Наконец я уснул. И в тот же миг мою голову наполнили сны. Я наблюдал жестокие баталии и странные видения. Ощущал все, что происходило с моим двойником. Только бодрствуя, я мог удерживать его вне моего разума, но и тогда это удавалось с трудом. Я понятия не имел, чем он занимался, знал лишь, что он вернулся в Имррир и попал под землю. Запах рептилий…
Проснувшись, я продолжил читать газеты. Чем больше я читал, тем больше вопросов у меня возникало. Я не мог поверить, что Гитлер пришел к власти так легко и народ не возмутился. Хотя, разумеется, из-за мощного потока лжи, изливаемого газетами, многие порядочные люди перестали понимать, как они могут бросить вызов нацистскому засилью. В любом случае, мне пришлось самому складывать общую картину. Многие вопросы так и остались неотвеченными.

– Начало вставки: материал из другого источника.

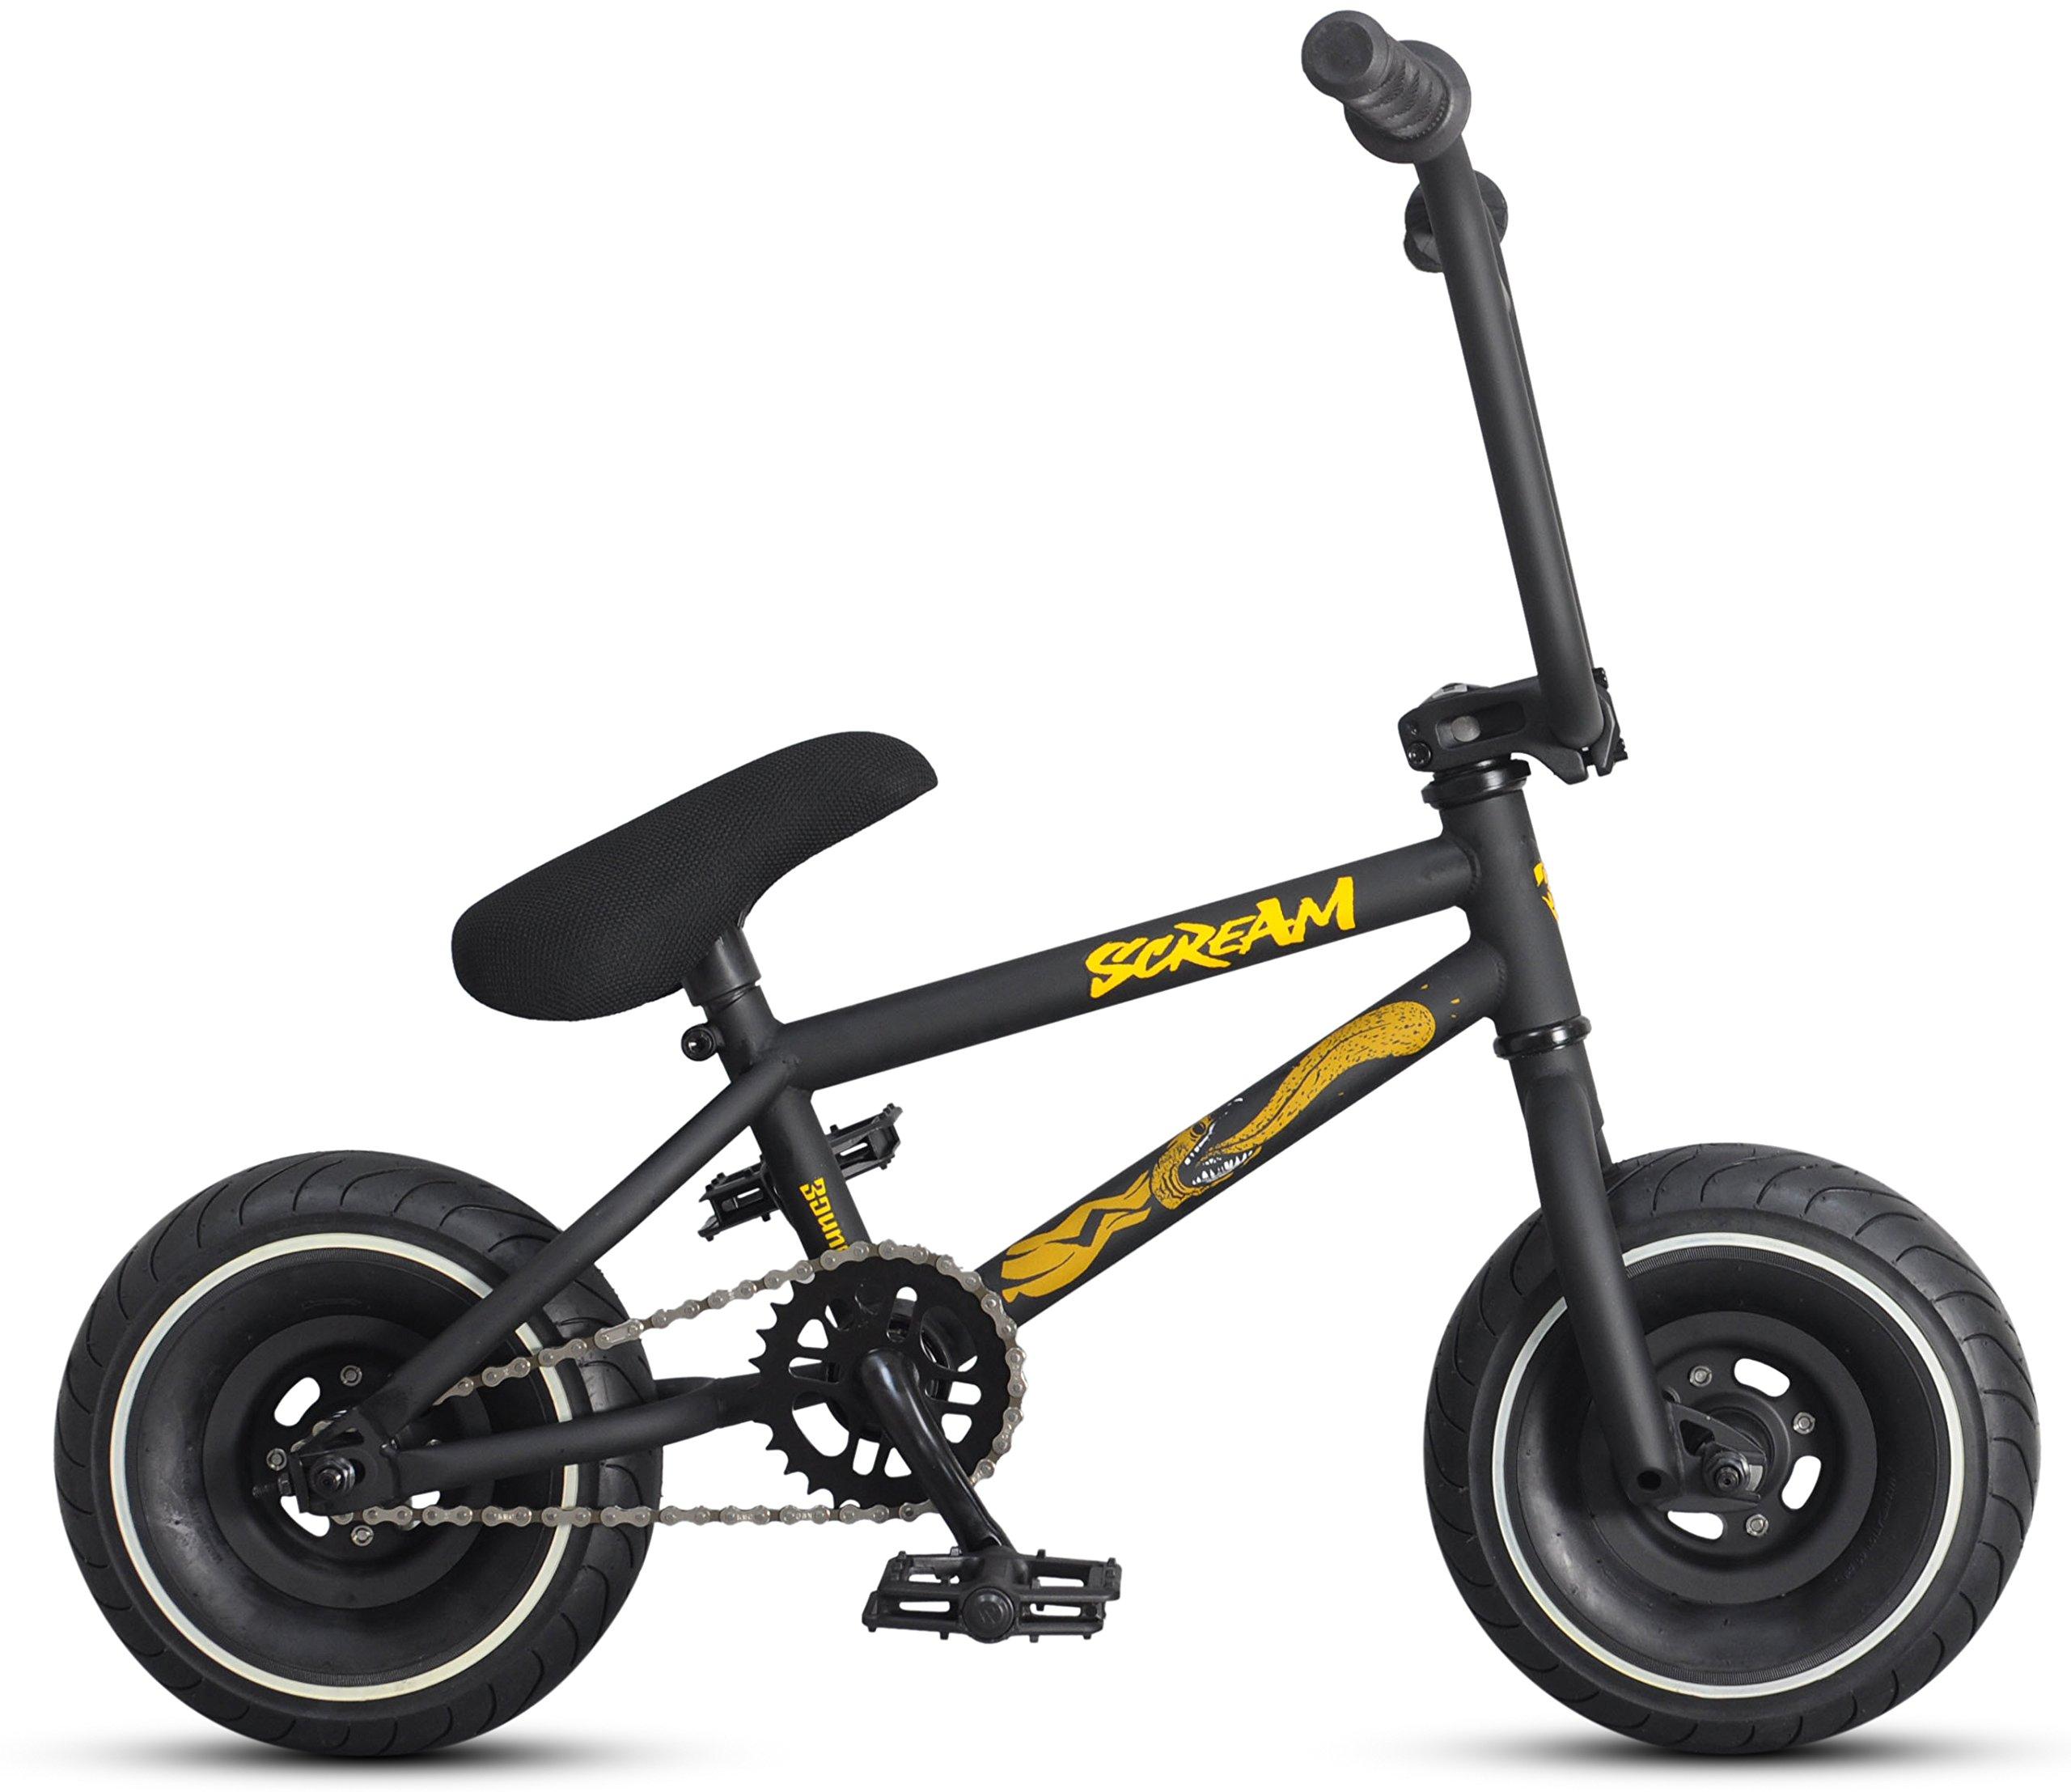 Bounce Scream Mini BMX bike

Ответы на них я узнал со временем, когда мы добрались до квартиры Лобковица в Гензау. Почти неделю мы перемещались лишь ночами, избегали даже лесных троп, не говоря уж о больших дорогах. Я радовался, что спать приходилось днем. Так меня гораздо меньше мучали сны. Прочитанными газетами я оборачивал Равенбранд. Наше оружие едва ли подходило для того, чтобы бросить вызов Третьему рейху со всем его арсеналом.
Повсюду мы видели признаки того, что страна ведет войну. Товарные поезда с амуницией, оружием, солдатами. Грузовой конвой. Эскадрильи бомбардировщиков. Визжащие истребители. Огромные колонны солдат. Иногда нам попадалось и нечто более зловещее. Грузовики для перевозки скота, полные плачущих людей. Мы понятия не имели, в каких чудовищных масштабах Гитлер уничтожал свой собственный народ и граждан завоеванных стран Европы.